Cen kaufte ein paar Dinge in einem kleinen Laden
und Steffen sah sich um. Vier Straßen vereinten sich
auf dem kleinen Basketballplatz. Die zumeist kleinen
Häuser waren fast alle aus grauem Stein, einige aber
auch aus Holz und Metallplatten gebaut. Sie alle
wirkten auf Steffen wie nicht fertig gestellt, aber
bewohnt. Auf den Straßen lag überall Müll, der zumeist
aus weggeschmissenen Bonbon- und Chipsverpackungen
bestand, aber Steffen sah auch volle
Babywindeln, Lumpen und Holzreste. An der Ecke
zur einen Seite standen drei lilafarbene Tricycles.
Einer der Fahrer schlief in seinem Vehikel, während
ein weiterer Steffen anglotzte. Das dritte Tricycle war
leer. Überall wimmelte es von Menschen. Sie fuhren
in knatternden Tricycles oder auf Mopeds an ihnen
vorbei oder gingen zum Teil schwerbeladen mit
Plastiktüten, Kokosnüssen oder anderen erworbenen
Dingen über den Platz. Steffen sah ein kleines, zirka
zehn Jahre altes Mädchen einen gefüllten Wasserkanister
schleppen, ein weiteres ungefähr gleichaltriges
Mädchen trug zwei Flaschen Emperador und eine
Packung Fortune Zigaretten im Arm und eilte eine
19
der Straßen hinab. Vereinzelt strichen ein paar
schmutzige und abgemagerte Hunde die Straßen
entlang – immer auf der Suche nach fressbaren Resten.

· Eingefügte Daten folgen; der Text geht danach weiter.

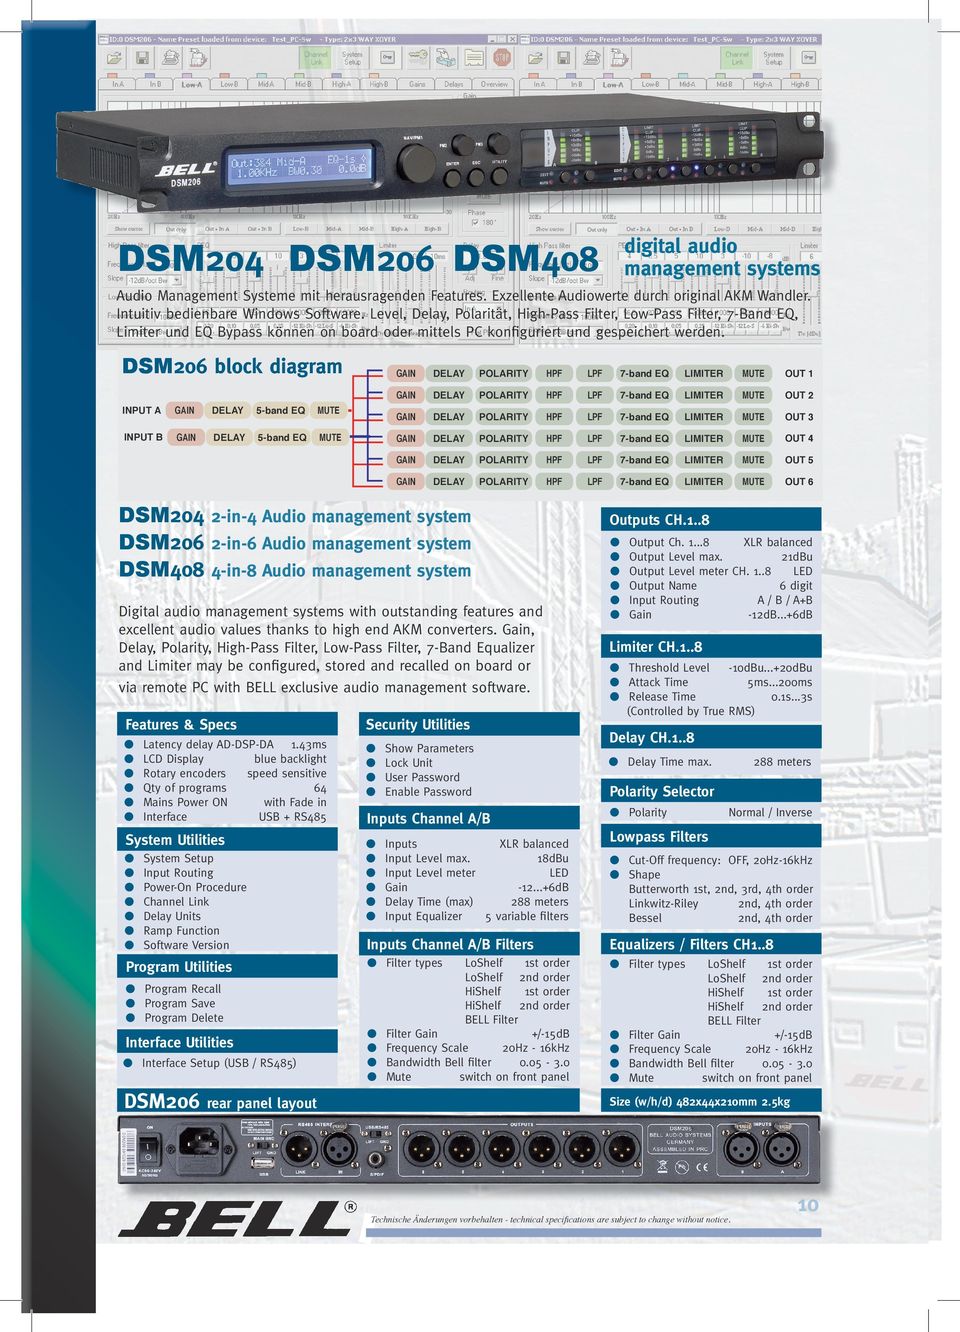 DSM206 block diagram PUT A GA 5-band EQ PUT B GA 5-band EQ GA 1 GA 2 GA 3 GA 4 GA 5 GA 6 DSM204 2-in-4 Audio management system DSM206 2-in-6 Audio management system DSM408 4-in-8 Audio management
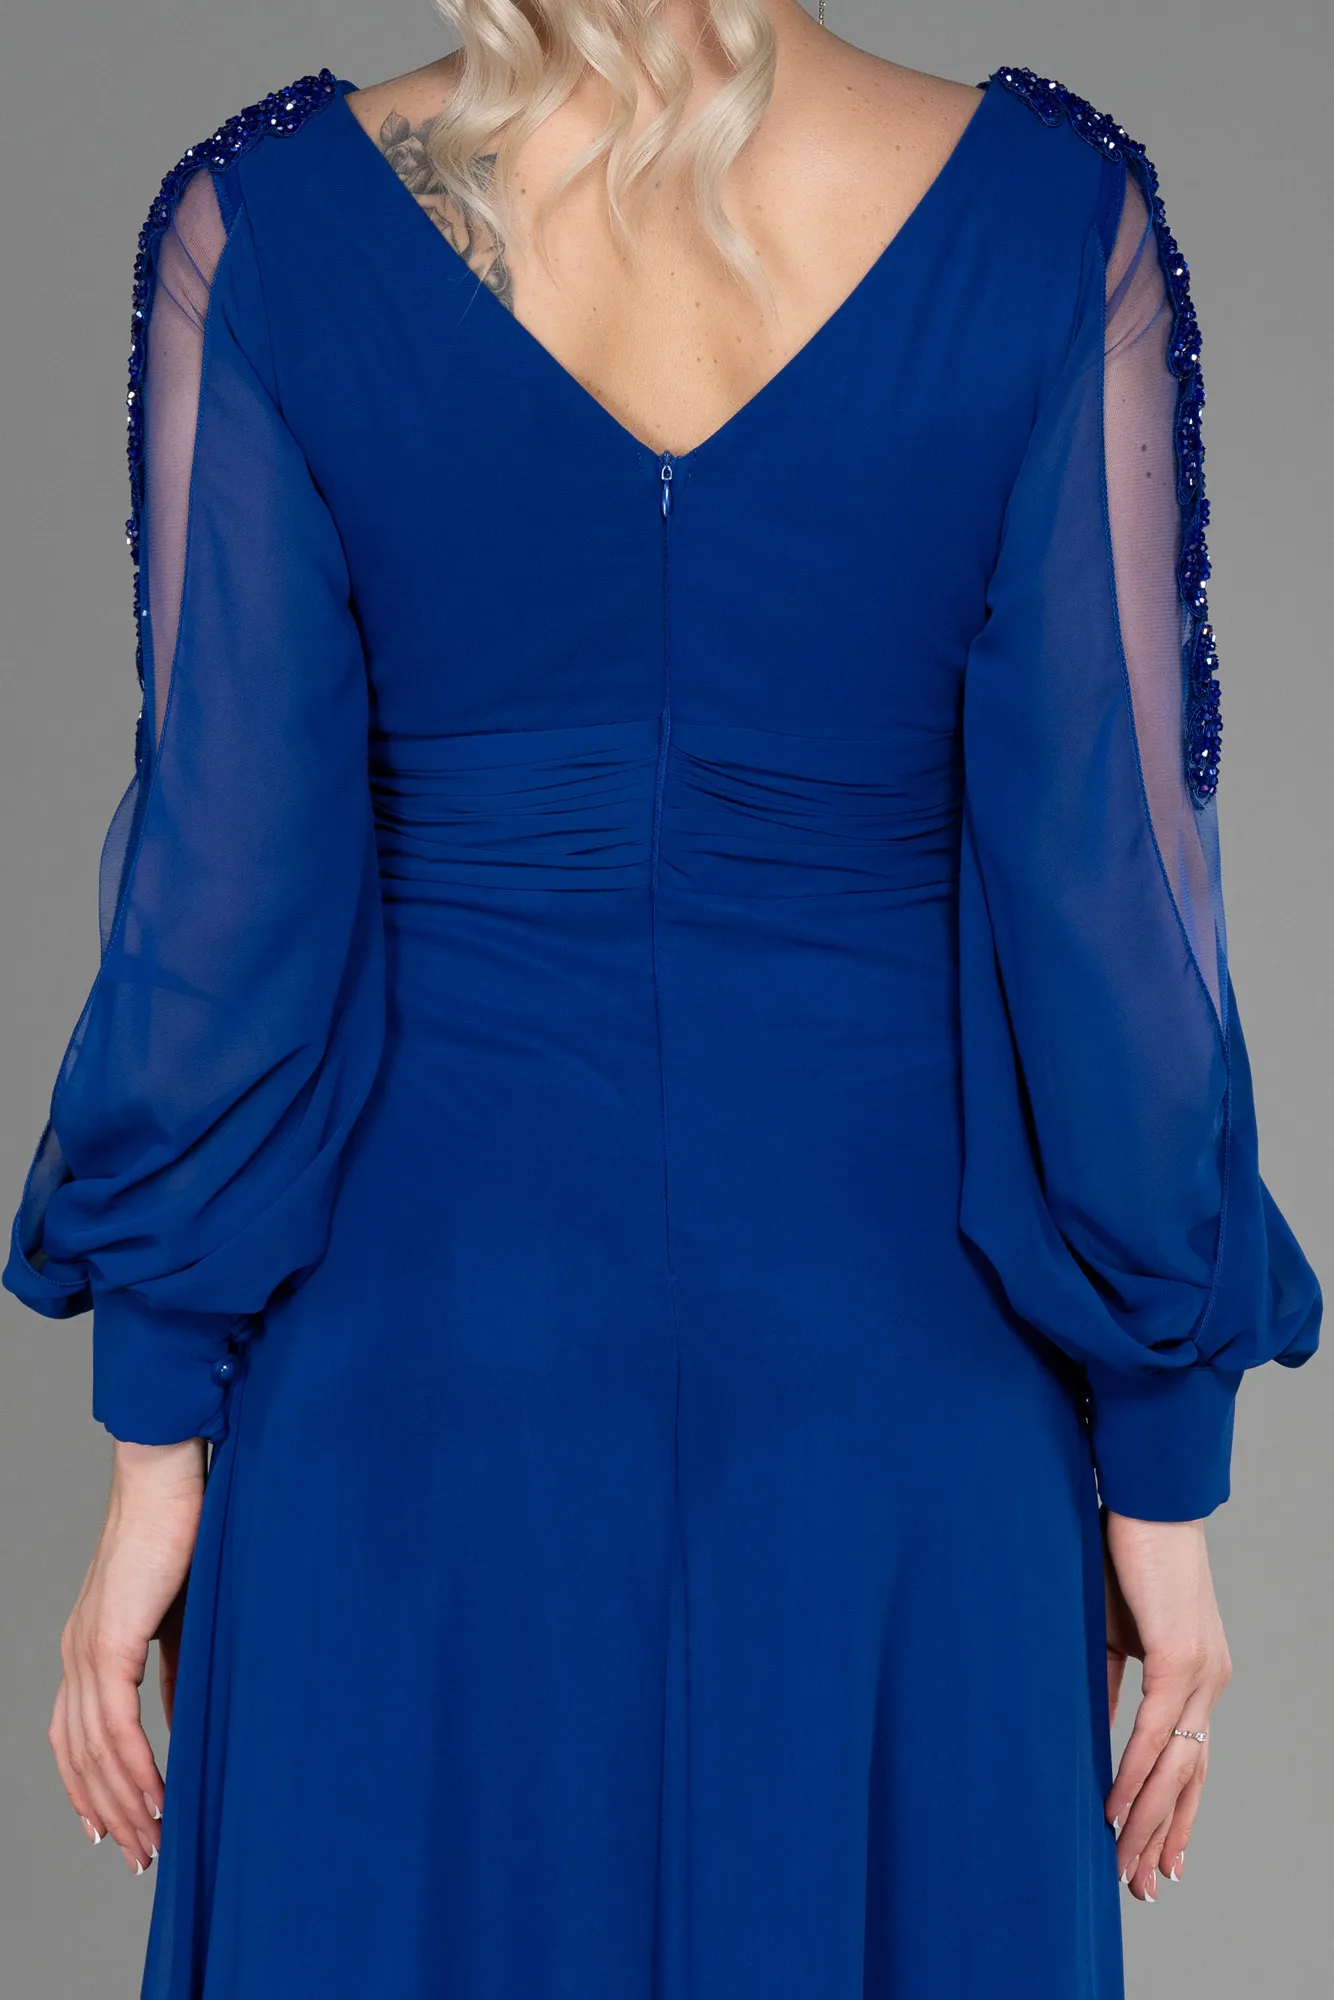 Sax Blue-Long Chiffon Evening Dress ABU3220

Die Geräuschkulisse war beachtlich. Ein ständiges
Krähen von Hähnen, Bellen von Hunden sowie
das Schreien und Lachen von Kindern vermischte
sich mit Hupen von Autos, knatternden Einzylinder-
Motoren und lauten Musikfetzen, die aus unterschiedlichen
Quellen kamen, aber alle gemeinsam
hatten, dass selbst aus der Distanz die Bässe noch
die Magengrube erreichten.
Noch nie hatte Steffen Ähnliches gesehen und auch
noch nie so viele lachende, lächelnde und strahlende
Gesichter. Er fühlte sich nicht bedroht, blieb aber
vorsichtig. Denn er war für die Anwohner von Camarin
nicht nur eine willkommene Abwechslung
vom Alltag. Da er durch seine Größe und seine
Hautfarbe aus der Menge hervor stach, waren alle
Augen auf ihn gerichtet. Man empfing ihn freundlich,
neugierig und mit einem Lächeln. Aber Steffen
war sich bewusst, dass man ihn ebenfalls als reich
ansah und Geld in seinen Taschen vermutete. Er
fühlte sich außerdem wieder müde, und so machten
Cen und er sich auf den Weg zurück zu ihrem kleines
Haus, das auch Steffen jetzt fast heimisch vorkam.